Les économistes qui s'inspirent de son analyse portent donc leurs efforts
sur la réglementation prudentielle des banques puisqu'elle permet de limiter
ces risques. Or, ce type de réponses semble dérisoire au vu de ce qui s'est
fait par le passé et des difficultés présentes puisqu'elles ne répondent pas à la
question de la propagation du risque.

Ainsi un retour sur l'histoire des pratiques bancaires, et plus spécifiquement


sur le rapport au risque du banquier, permet-il de souligner combien ce
rapport, ce lien, est intrinsèque pour le métier de la banque. Que ce soit dans
l'accompagnement des activités commerciales, et donc de la fourniture et
du dépôt des moyens de paiement, ou dans l'accompagnement des activités
productives, et donc de l'octroi de crédit, le banquier a toujours pris des
risques. Son métier, sa compétence, consistent fondamentalement à évaluer
et à gérer le risque financier et économique.
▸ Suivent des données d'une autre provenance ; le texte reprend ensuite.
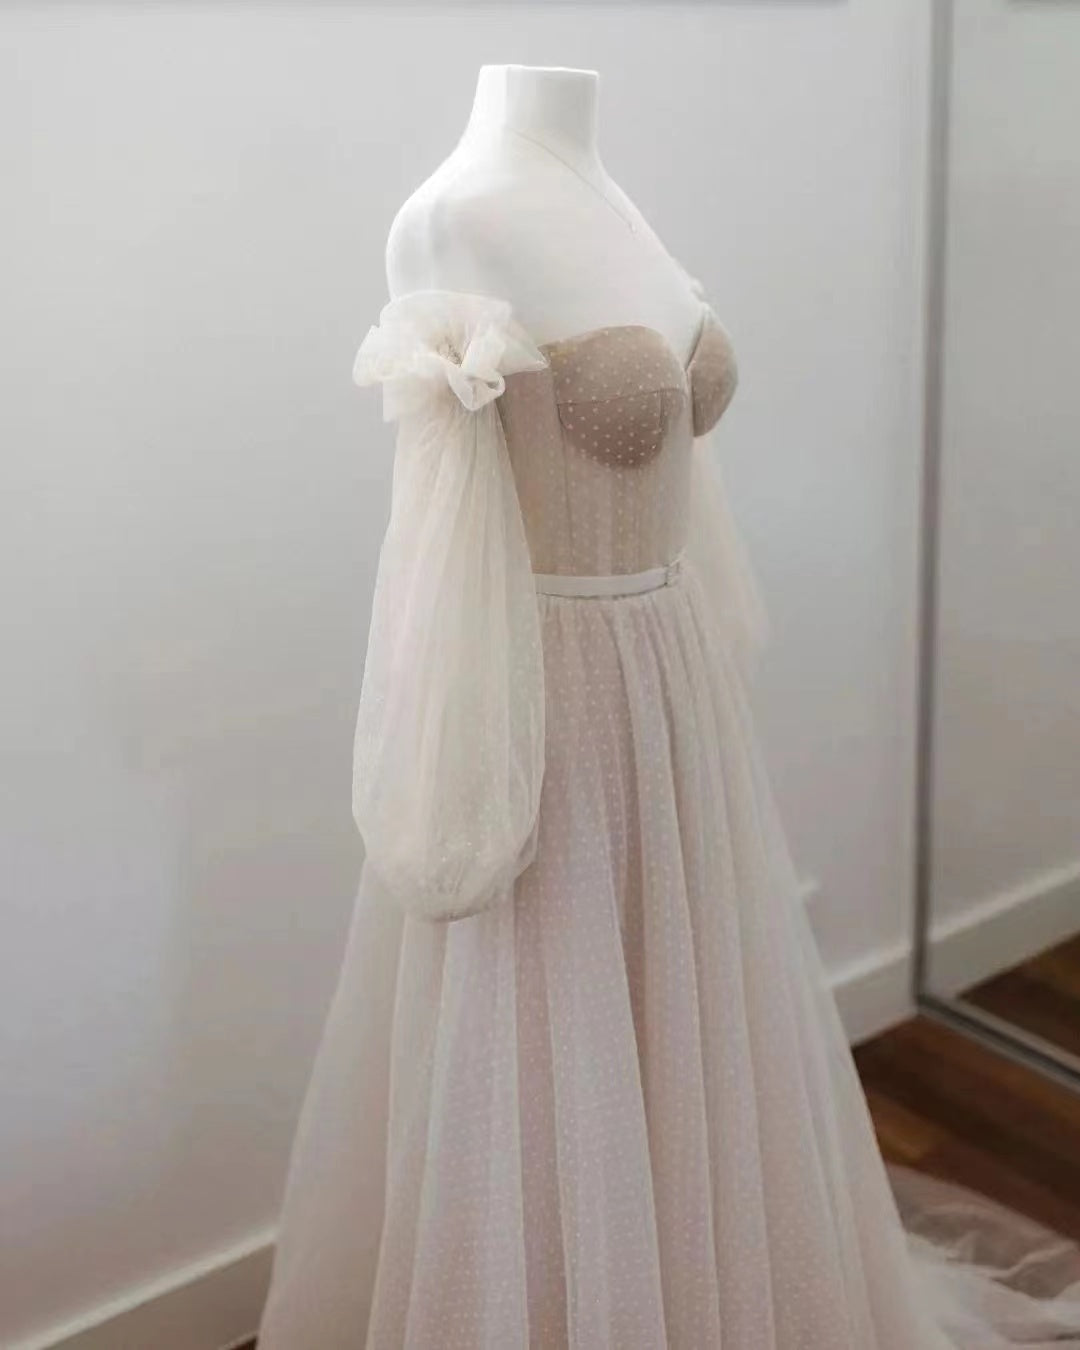 A-line Lovely Wedding Dresses, Sweetheart Bridal Gowns, Long Sleeves Corset Newest Wedding Dresses
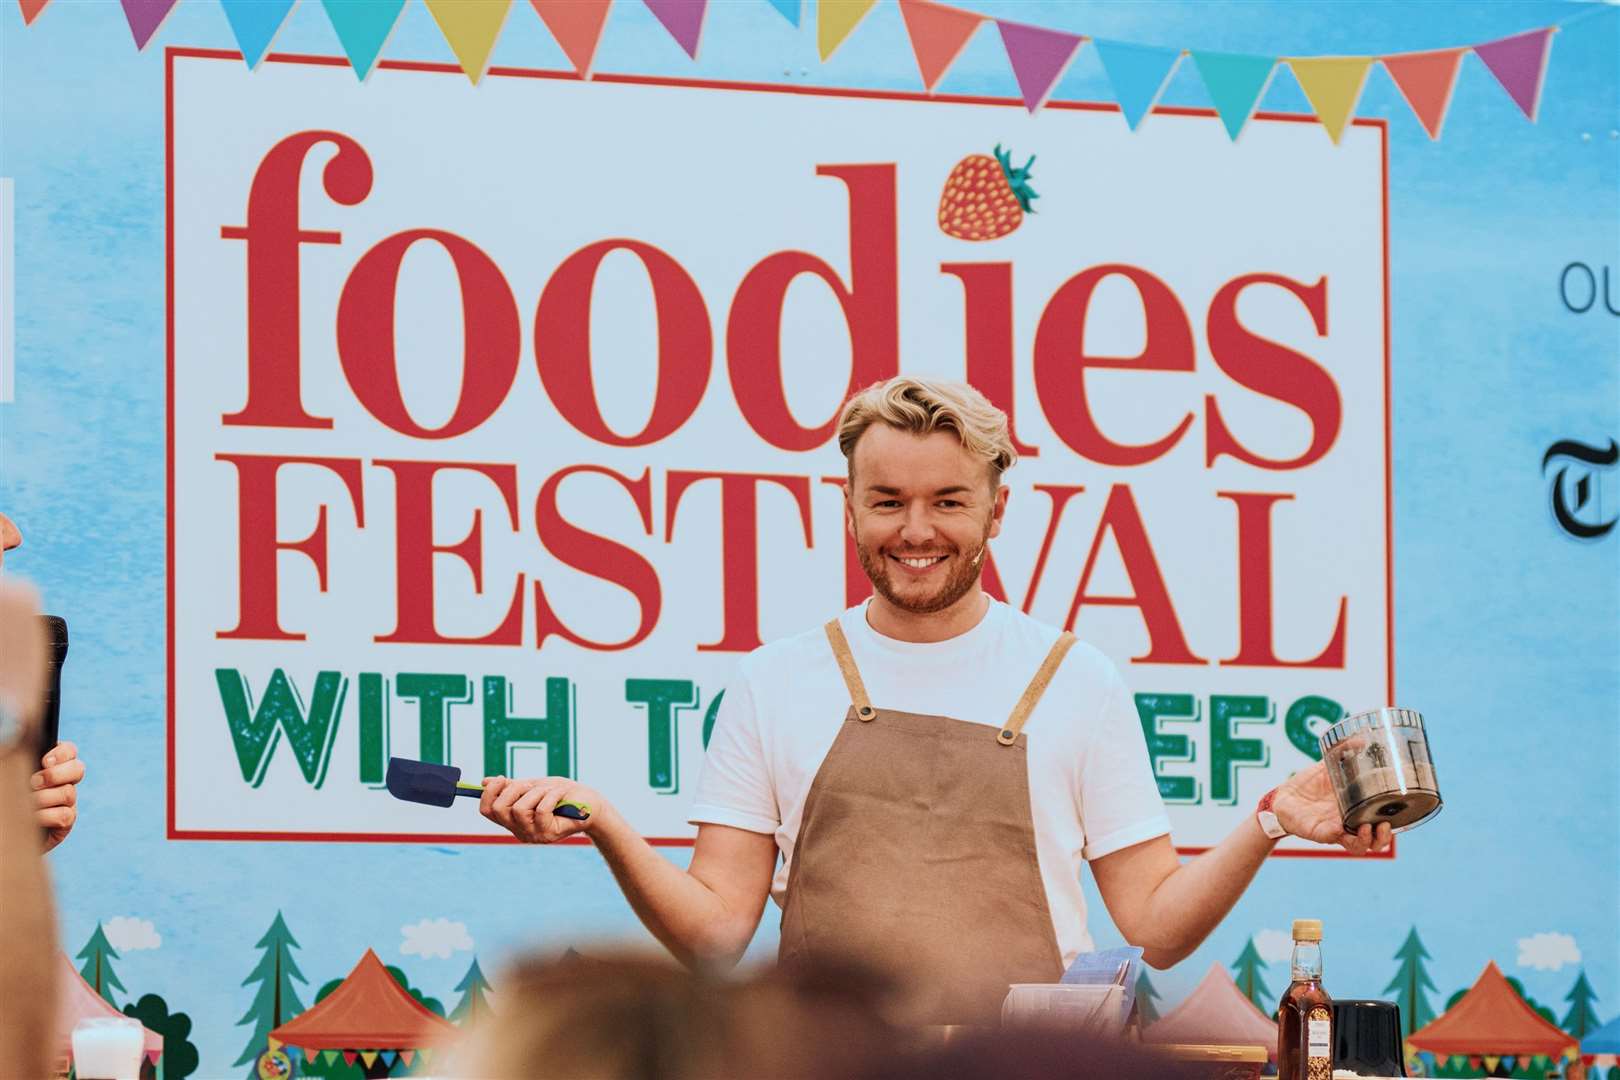 Masterchef winner Tom Rhodes will cook live at this year’s Foodies Festival. Picture: Supplied by Foodies Festival

Les pratiques actuelles se sont largement éloignées depuis une vingtaine


d'années de ces préoccupations. L'abondance des exemples en témoigne :
CDS, CDO, bancassurance, crédits subprimes. Ces derniers sont révélateurs
de la moindre implication du banquier dans son activité de financement.
Cette moindre implication provient certes des changements législatifs et
des mutations économiques, mais aussi pour beaucoup des banquiers eux-
mêmes. Plus encore, ces transformations se traduisent par un nouveau
rapport au risque. Est-il significatif d'un abandon du métier de banquier ?
Qu'advient-il alors du risque ? Qui l'évalue ? Qui le prend en charge ? Les
banques ne l'évaluent plus, ne le filtrent plus. Se prenant pour un agent
financier comme un autre, elles participent à son développement et à sa
dangerosité croissante.

Nulle régulation ne semble prendre en compte le rôle et le métier du


banquier dans ce qu'il a de plus fondamental. Pourtant, avec des banques
qui n'en sont plus, l'avenir économique paraît bien sombre et prometteur
d'heures tout aussi sombres que celles que nous venons de traverser.